Lloyds Banking Group has suspended its share buyback after a last-minute rush of compensation claims for mis-sold payment protection insurance (PPI), taking its total costs for the scandal to £21.8bn (€24.4bn).
Lloyds shares fell as much as 2.5% in London. The bank is making a further provision of between £1.2bn and £1.8bn in the third quarter after claims were as much as four times higher than expected.
The PPI scandal is the most expensive in history for UK banks, and while regulators had urged the public to seek redress for years through high-profile advertising campaigns, the surge before the August 29 cutoff caught lenders flat-footed.
Last week, Royal Bank of Scotland said it plans to set aside as much as £900m more for PPI, while CYBG, the owner of the Virgin Money brand, plunged after adding to its provisions.
“Lloyds again got its sums completely wrong,” said Neil Wilson, chief market analyst at Markets.com.

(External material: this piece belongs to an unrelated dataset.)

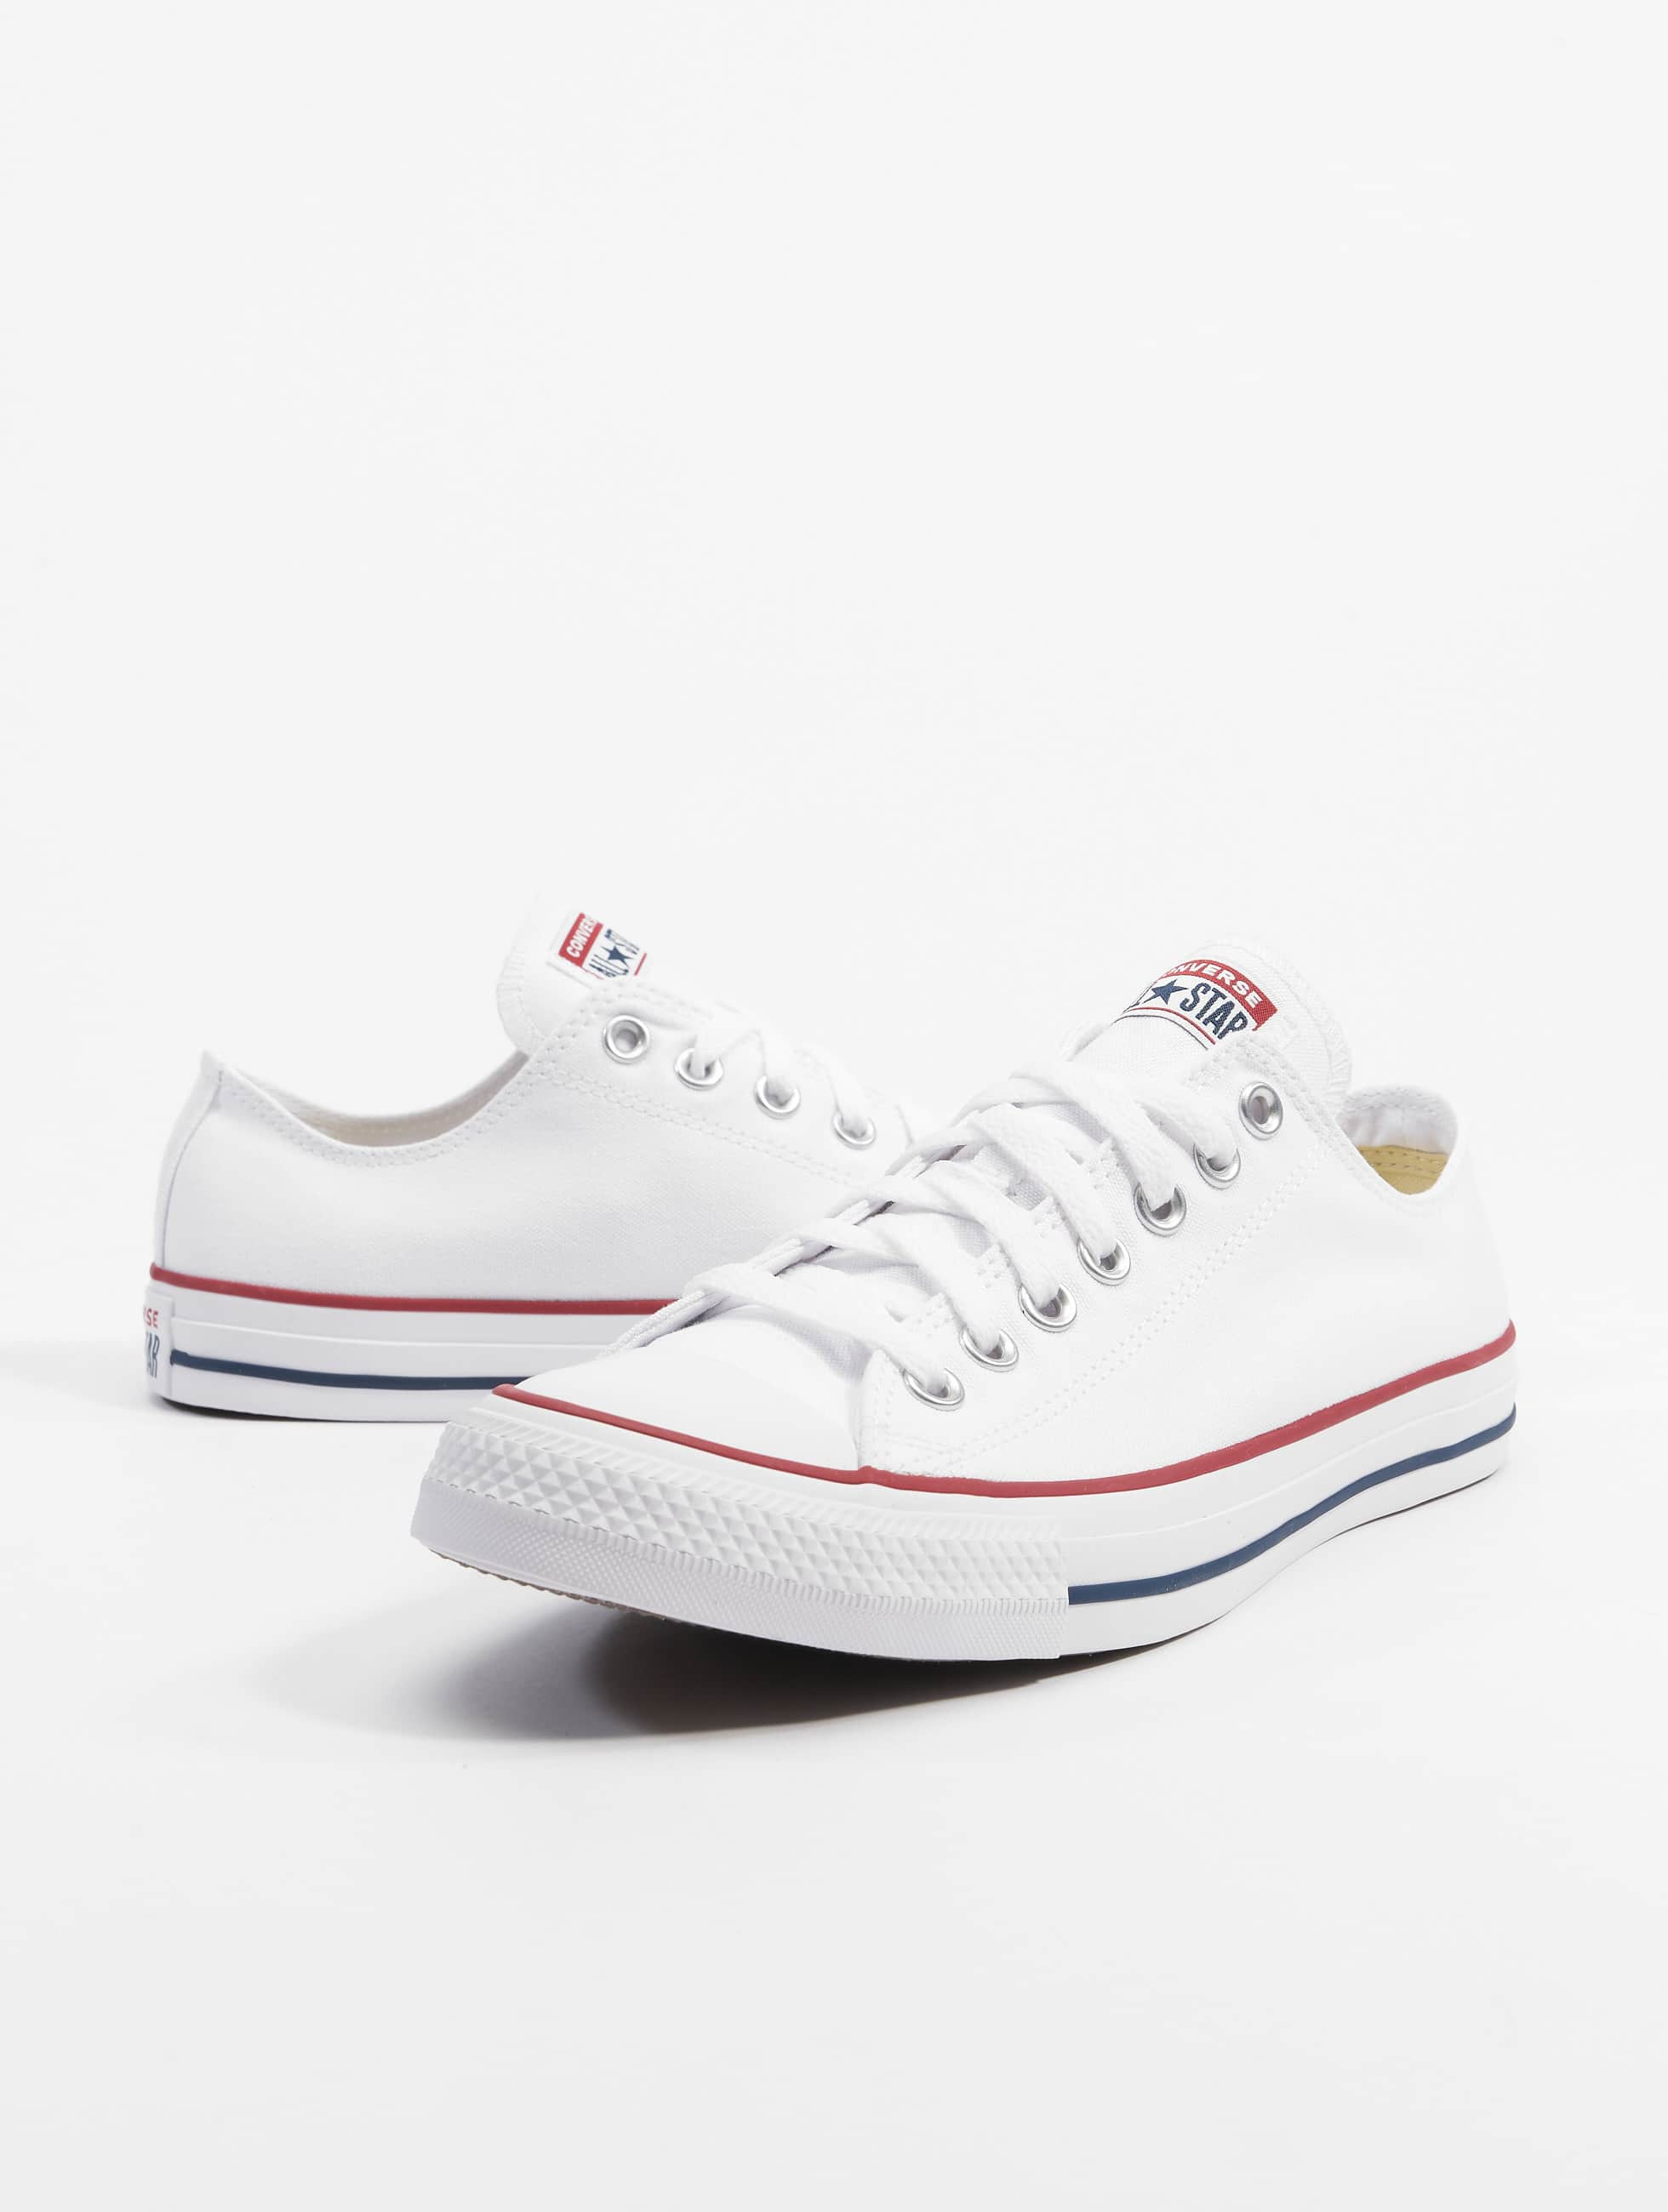 Converse Shoe / Sneakers All Star Ox Canvas in white 122836

British banks’ shareholders “have been consistently low-balled, fobbed off, and undersold the impact of the redress”.
The policies, which were intended to cover missed debt repayments, were often sold using aggressive tactics and in the worst cases, banks misled customers by telling them that PPI was mandatory for loans. Lloyds’ new provisions have pushed the total cost for the industry above £50bn, according to New City Agenda, a London-based think tank.
Lloyds’ extra provision is at the top end of expectations. The bank said it received about 600,000 to 800,000 PPI information requests per week during the deadline month, well above its previous assumption of 190,000 per week. Lloyds said:
The board will give consideration to the distribution of surplus capital at the year end and continues to target a progressive and sustainable ordinary dividend
Lloyds, which is the most exposed British lender to PPI, had a £1.75bn buyback programme for the year, and the suspension means about a third of that sum will likely be unused. Barclays, the second-most exposed UK bank, has yet to make a comment about the August PPI claim rush.
“It seems Barclays will be sure to follow suit,” said Mr Wilson. “At least the end is in sight for banks and their shareholders.”
The UK’s Financial Conduct Authority said that, as of June, it had received more than 44,000 calls and over 11m views of its PPI website.